We're at a turning point, where everybody 20 years old or so, and older, will have a fundamental advantage against every younger programmer when it comes to "coding with AI". Younger programmers will have no natural incentives to learn non-vibe coding techniques. Things are gonna get weird.
Parallels to the past: C Programmers who benefited from knowing Assembly. Java programmers who benefited from knowing manual memory management. UIKit programmers who benefited from knowing AppKit. SwiftUI programmers who ... well, they kind of got a raw deal.
@danielpunkass Will it matter? I have no idea how to make a punch card, and it hasn’t limited my work.

@mikesax @danielpunkass It would matter, if every OS would still be using punch cards under the hood.

Young developers that now create some app with an LLM will be out at sea as soon as a deeper integration with the OS is necessary. Also, they will have learned none of the underlying skills that would allow them to build a career in this field.

What are they going to do in the future - forever just ask an LLM to please do the coding for them?

@tsturm @mikesax Yep Thomas you totally get what I'm saying.

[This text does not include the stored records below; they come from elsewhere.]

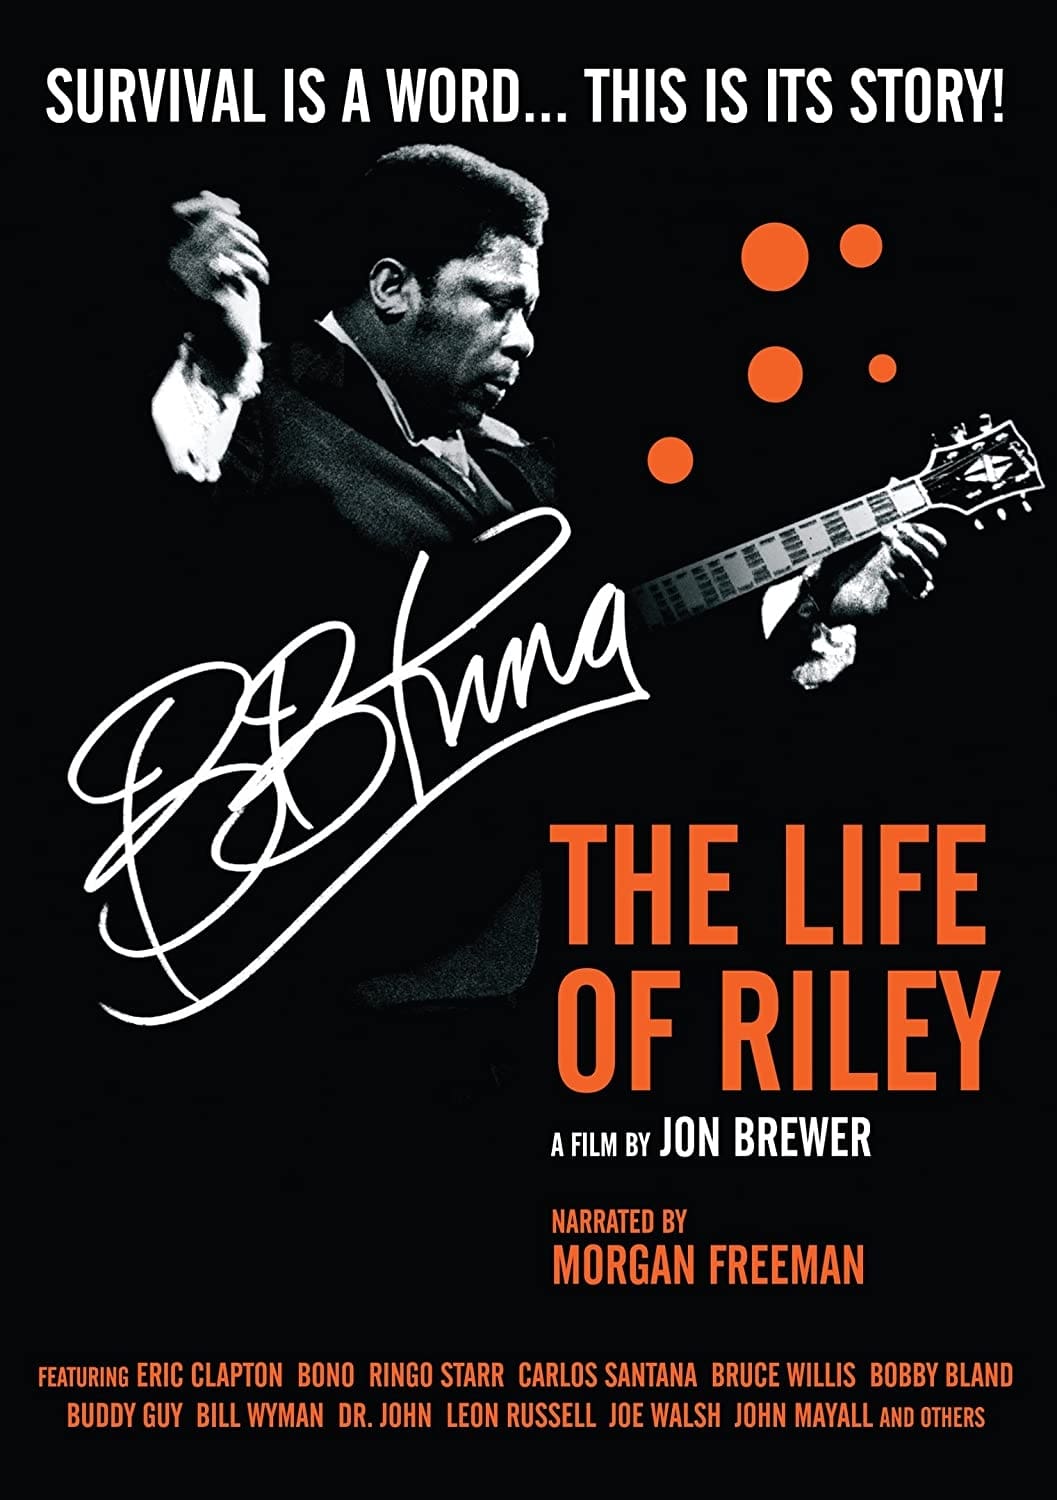 B.B. King, the Life of Riley
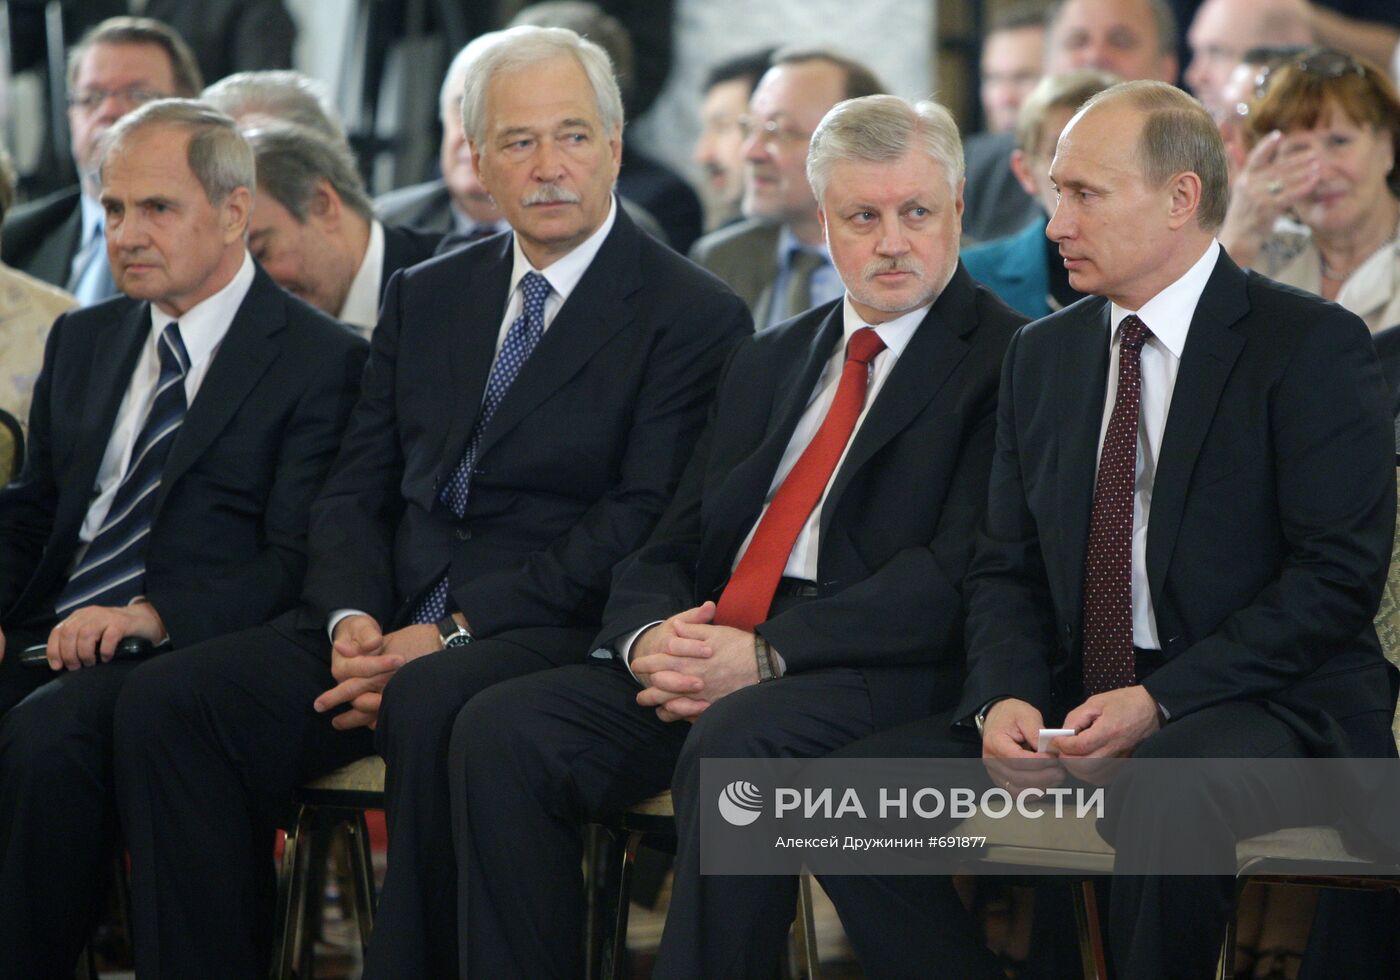 Владимир Путин, Сергей Миронов, Борис Грызлов, Валерий Зорькин
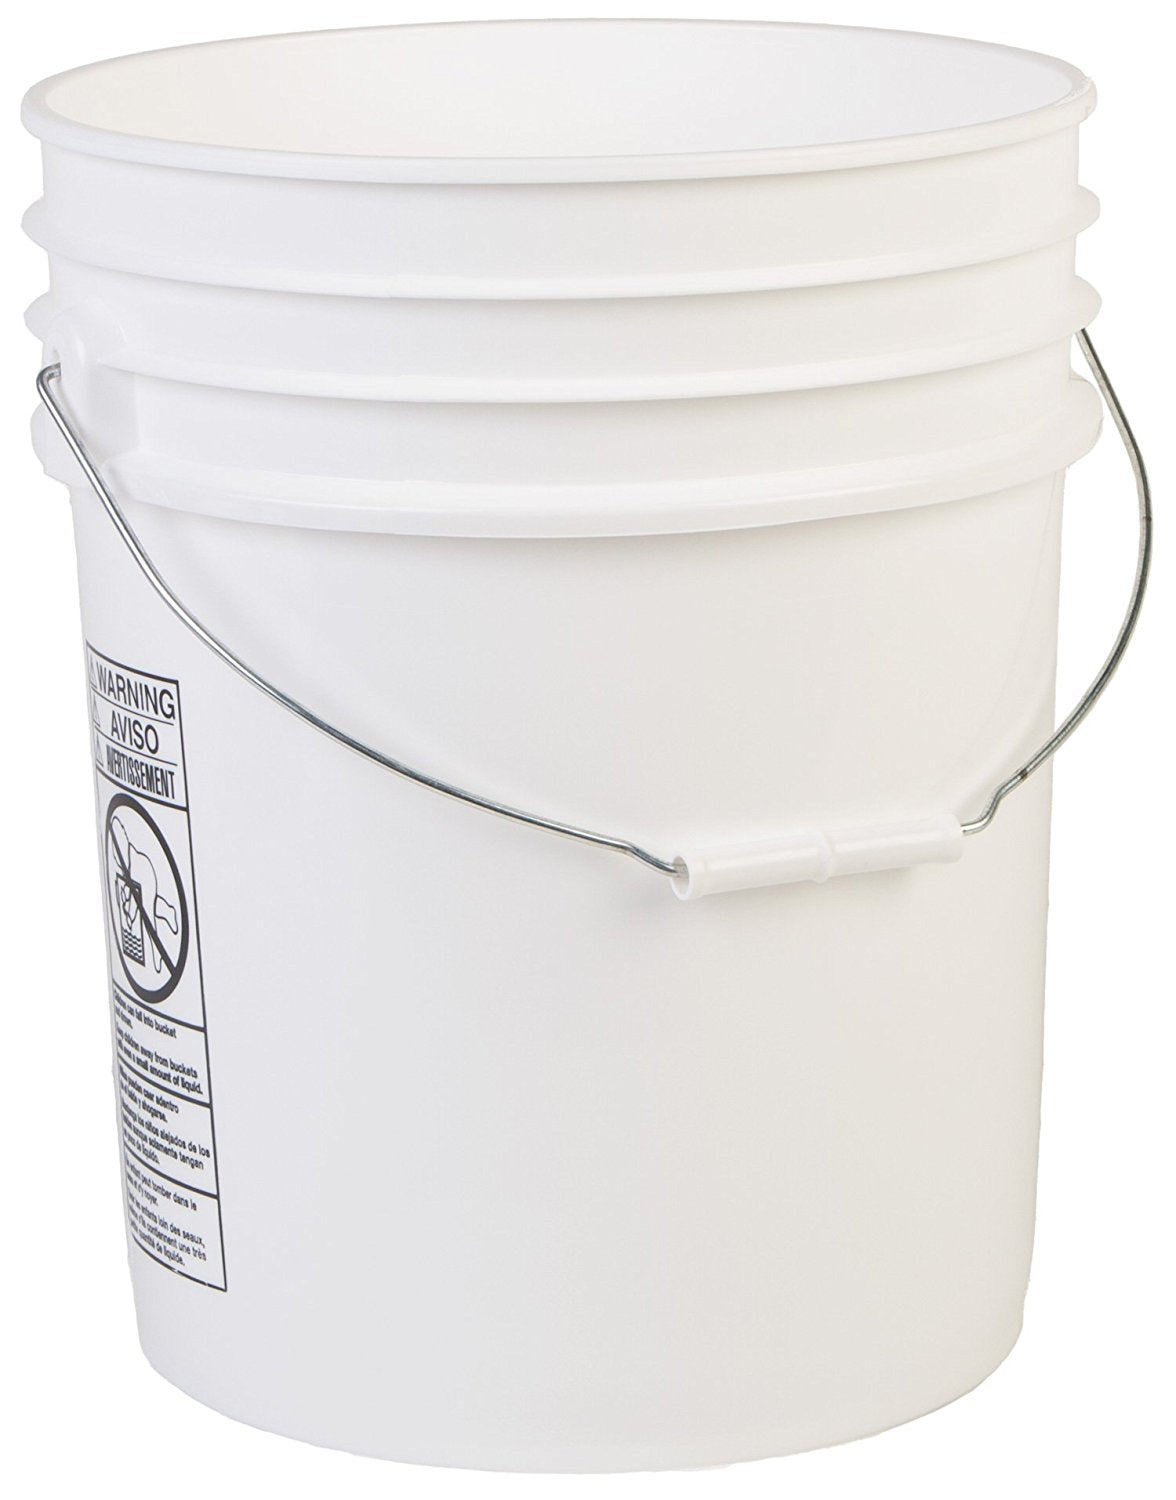 Pailshop.com | Premium 5 Gallon Buckets and Lids | Same Day Shipping

@danielpunkass I feel like people 15 years younger than me were all pushed into pair programming with another person that might do half or more of the work, maybe vibe coding is just pair programming but with a robot?
@mathowie
The problem, right now, is thinking that the AI half of the pair is the wise, experienced one. It's fast, but often chooses a bad path quickly.
Even if both of the pair were inexperienced, they talked through the problem and often got to an efficient solution. If you assume the AI is all knowing (not just fast) and don’t inspect the methods, you’ll accept bad code.
@danielpunkass
@danielpunkass I don't quite think that's the same, becuase the models used will be biased towards older stuff they are trained on, and thus necessarily lagging in providing the most recent innovations.

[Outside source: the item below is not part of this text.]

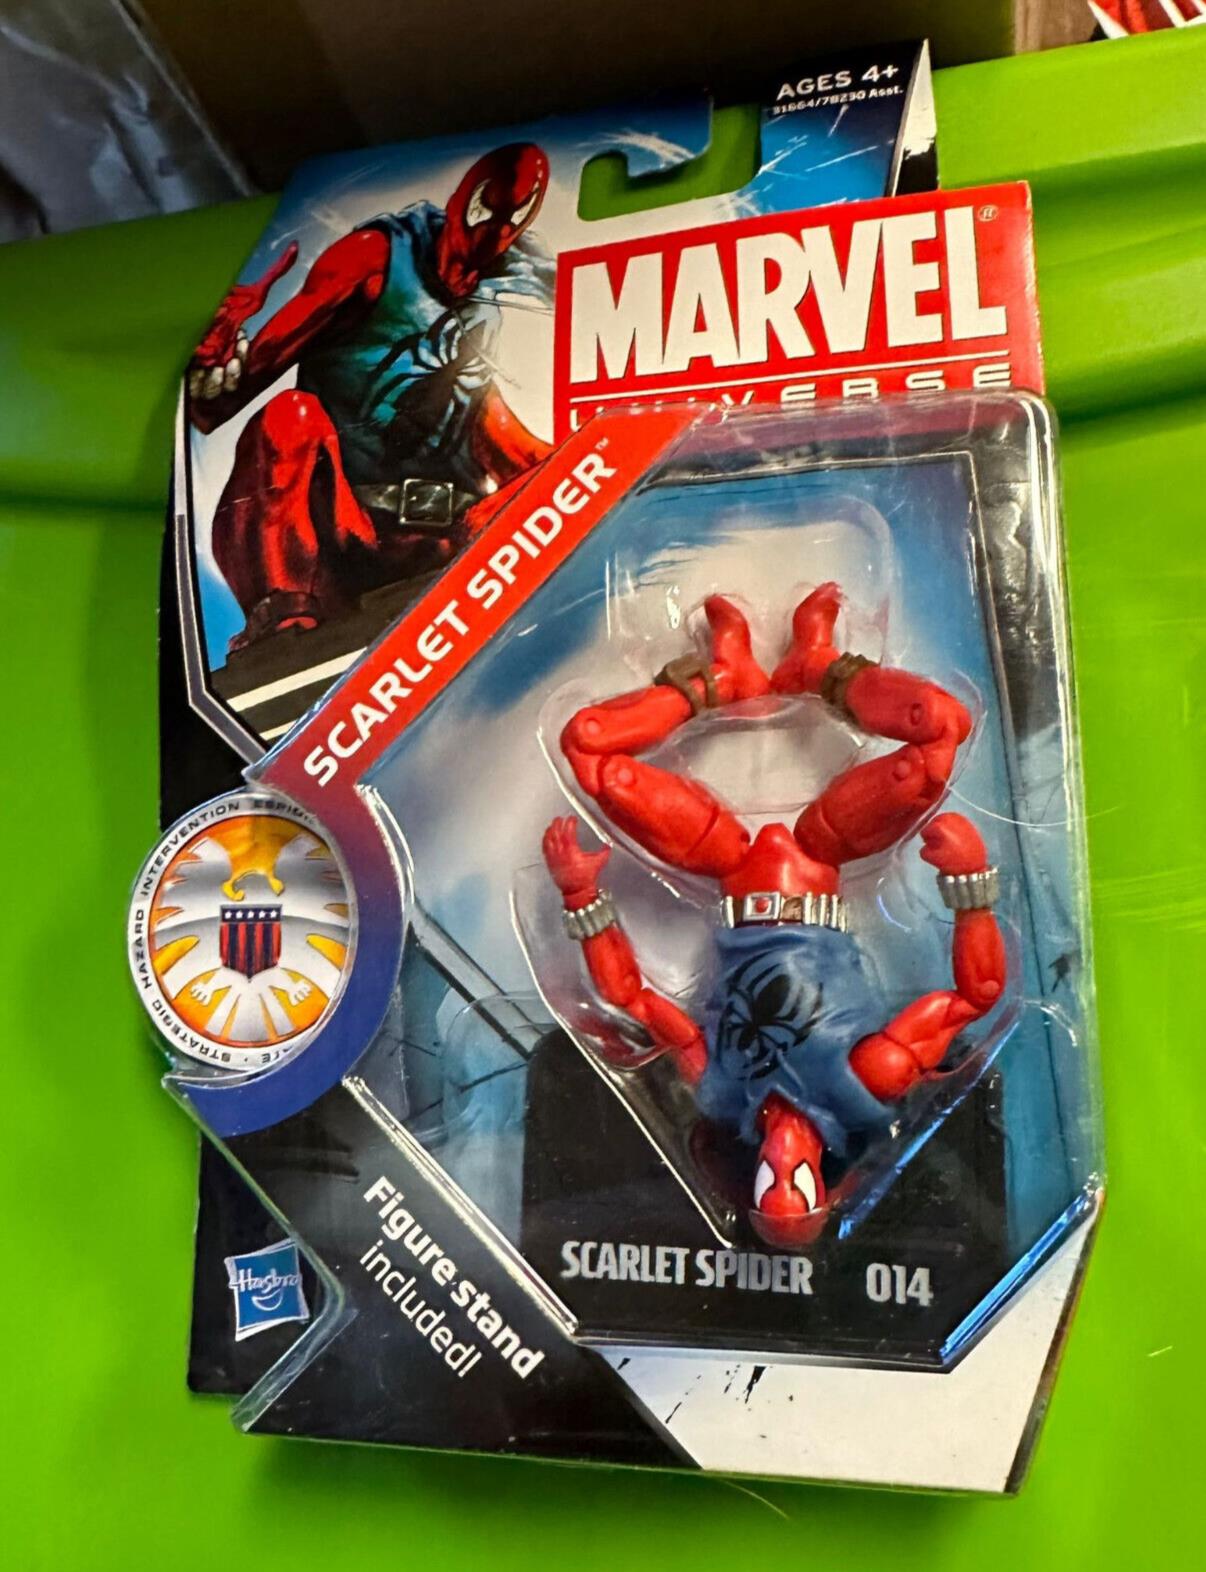 2010 Marvel Universe Series 3 3.75" Scarlet Spider Standing Figure Hasbro 014
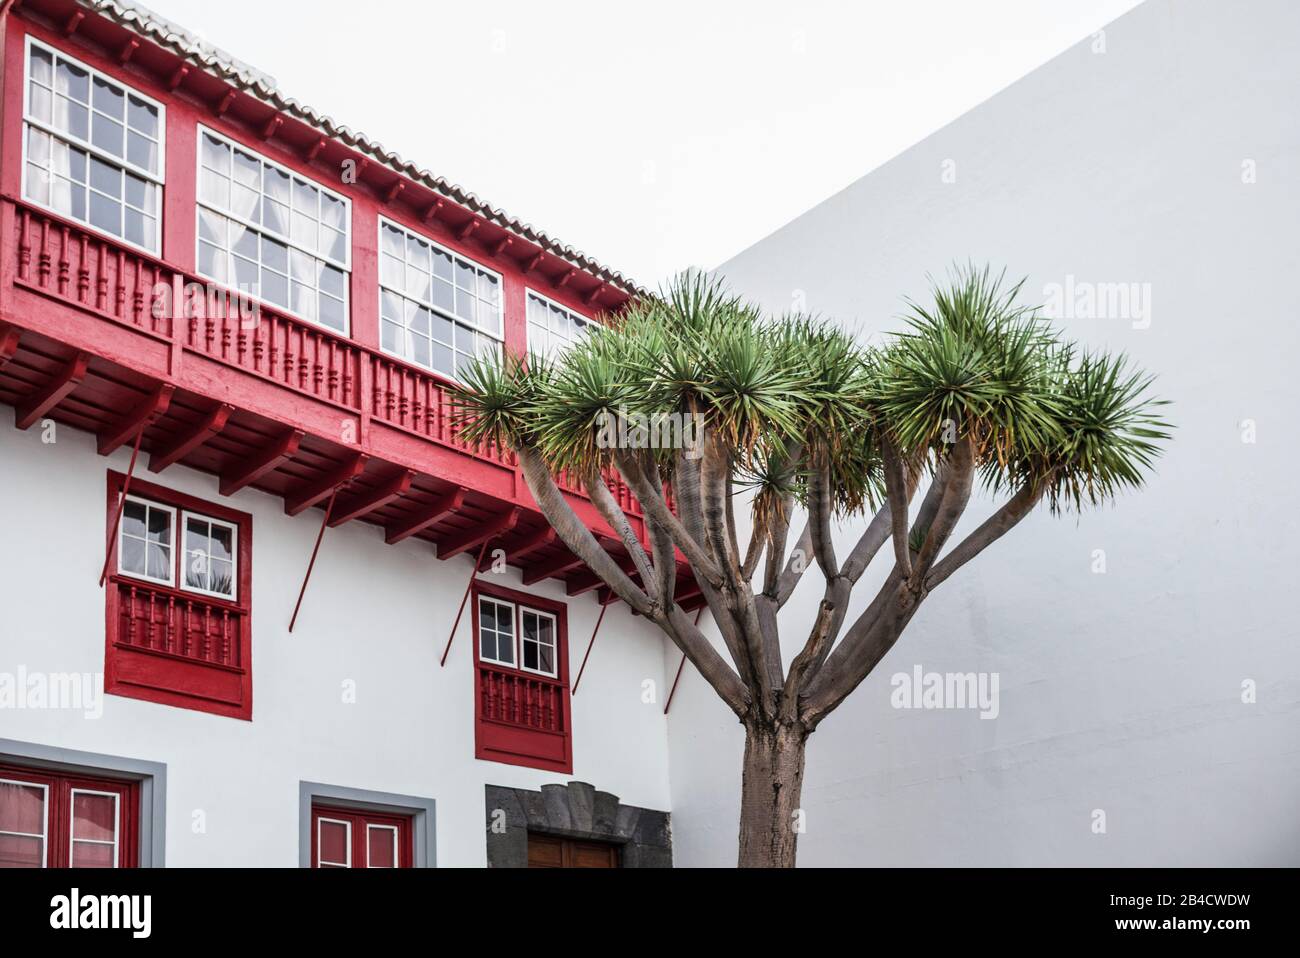 Spain, Canary Islands, La Palma Island, Santa Cruz de la Palma, traditional Canarian house balconies Stock Photo

@draNgNon maybe, but the models are trained more and more to do their own research. They search the web way faster than I can, and bring me up-to-date advice.

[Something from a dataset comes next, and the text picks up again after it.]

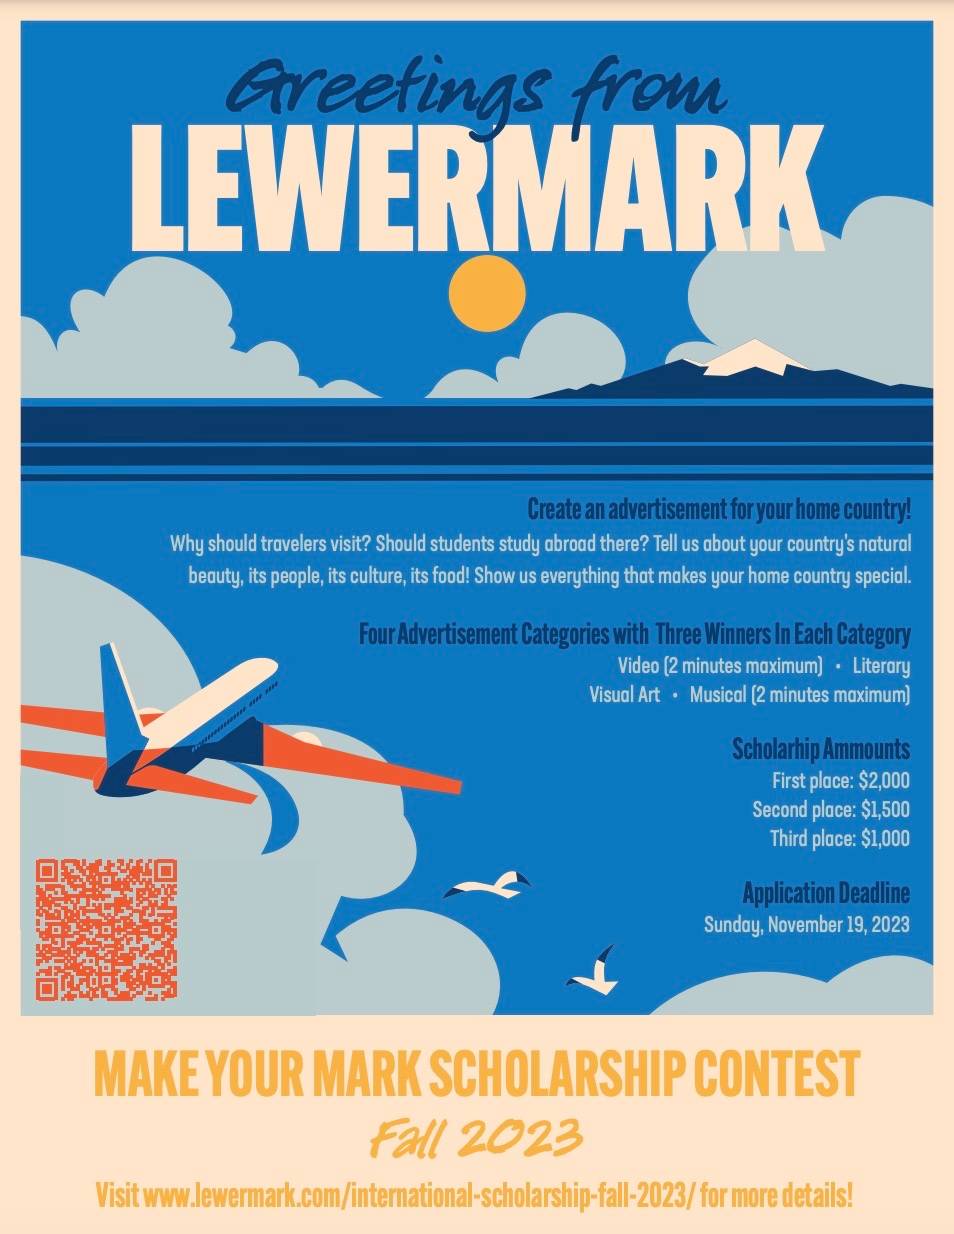 LewerMark's Make Your Mark Scholarship Contest

@danielpunkass yes and I do not see how this phenomenon would be limited to programming
@danielpunkass As someone who teaches computer science, I worry that AI is preventing stuents from learning the core concepts that are necessary to understand, even when using AI later in their educational and work careers. Some students see this and are avoiding AI for assignments (but still using it for reviewing for exams, etc.) while others are fine with AI doing their homework that is meant to develop their own skills.